■ Your objective: The expected output is every entry, copied exactly.

■ Data shown:

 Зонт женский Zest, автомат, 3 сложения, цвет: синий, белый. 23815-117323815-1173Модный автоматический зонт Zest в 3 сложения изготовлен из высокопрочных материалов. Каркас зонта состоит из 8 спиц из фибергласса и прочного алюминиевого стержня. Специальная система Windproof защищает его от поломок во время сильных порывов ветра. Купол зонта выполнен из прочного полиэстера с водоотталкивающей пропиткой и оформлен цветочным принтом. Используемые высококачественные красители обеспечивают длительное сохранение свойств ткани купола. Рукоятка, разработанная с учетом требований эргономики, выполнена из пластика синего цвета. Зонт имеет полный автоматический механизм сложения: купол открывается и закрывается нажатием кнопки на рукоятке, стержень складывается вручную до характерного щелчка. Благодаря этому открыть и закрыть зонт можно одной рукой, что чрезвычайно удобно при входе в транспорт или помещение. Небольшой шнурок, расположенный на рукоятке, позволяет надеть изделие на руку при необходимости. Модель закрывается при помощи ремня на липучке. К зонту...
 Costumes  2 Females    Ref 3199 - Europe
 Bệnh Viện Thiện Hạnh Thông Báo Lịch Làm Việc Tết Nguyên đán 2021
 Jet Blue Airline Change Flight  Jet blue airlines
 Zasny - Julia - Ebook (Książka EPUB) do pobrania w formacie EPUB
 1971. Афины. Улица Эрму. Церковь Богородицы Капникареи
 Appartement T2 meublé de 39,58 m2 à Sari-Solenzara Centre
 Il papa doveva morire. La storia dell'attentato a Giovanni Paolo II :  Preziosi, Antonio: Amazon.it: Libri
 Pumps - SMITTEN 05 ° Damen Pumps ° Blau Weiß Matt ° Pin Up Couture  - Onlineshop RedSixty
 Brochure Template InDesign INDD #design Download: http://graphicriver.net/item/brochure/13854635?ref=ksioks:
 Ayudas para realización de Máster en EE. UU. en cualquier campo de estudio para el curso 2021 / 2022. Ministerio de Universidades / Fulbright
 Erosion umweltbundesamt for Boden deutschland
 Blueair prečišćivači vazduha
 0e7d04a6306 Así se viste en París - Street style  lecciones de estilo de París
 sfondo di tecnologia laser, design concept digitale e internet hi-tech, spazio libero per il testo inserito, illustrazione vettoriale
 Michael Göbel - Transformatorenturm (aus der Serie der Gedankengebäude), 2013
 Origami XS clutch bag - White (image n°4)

■ Written answer:
 Зонт женский Zest, автомат, 3 сложения, цвет: синий, белый. 23815-117323815-1173Модный автоматический зонт Zest в 3 сложения изготовлен из высокопрочных материалов. Каркас зонта состоит из 8 спиц из фибергласса и прочного алюминиевого стержня. Специальная система Windproof защищает его от поломок во время сильных порывов ветра. Купол зонта выполнен из прочного полиэстера с водоотталкивающей пропиткой и оформлен цветочным принтом. Используемые высококачественные красители обеспечивают длительное сохранение свойств ткани купола. Рукоятка, разработанная с учетом требований эргономики, выполнена из пластика синего цвета. Зонт имеет полный автоматический механизм сложения: купол открывается и закрывается нажатием кнопки на рукоятке, стержень складывается вручную до характерного щелчка. Благодаря этому открыть и закрыть зонт можно одной рукой, что чрезвычайно удобно при входе в транспорт или помещение. Небольшой шнурок, расположенный на рукоятке, позволяет надеть изделие на руку при необходимости. Модель закрывается при помощи ремня на липучке. К зонту...
 Costumes  2 Females    Ref 3199 - Europe
 Bệnh Viện Thiện Hạnh Thông Báo Lịch Làm Việc Tết Nguyên đán 2021
 Jet Blue Airline Change Flight  Jet blue airlines
 Zasny - Julia - Ebook (Książka EPUB) do pobrania w formacie EPUB
 1971. Афины. Улица Эрму. Церковь Богородицы Капникареи
 Appartement T2 meublé de 39,58 m2 à Sari-Solenzara Centre
 Il papa doveva morire. La storia dell'attentato a Giovanni Paolo II :  Preziosi, Antonio: Amazon.it: Libri
 Pumps - SMITTEN 05 ° Damen Pumps ° Blau Weiß Matt ° Pin Up Couture  - Onlineshop RedSixty
 Brochure Template InDesign INDD #design Download: http://graphicriver.net/item/brochure/13854635?ref=ksioks:
 Ayudas para realización de Máster en EE. UU. en cualquier campo de estudio para el curso 2021 / 2022. Ministerio de Universidades / Fulbright
 Erosion umweltbundesamt for Boden deutschland
 Blueair prečišćivači vazduha
 0e7d04a6306 Así se viste en París - Street style  lecciones de estilo de París
 sfondo di tecnologia laser, design concept digitale e internet hi-tech, spazio libero per il testo inserito, illustrazione vettoriale
 Michael Göbel - Transformatorenturm (aus der Serie der Gedankengebäude), 2013
 Origami XS clutch bag - White (image n°4)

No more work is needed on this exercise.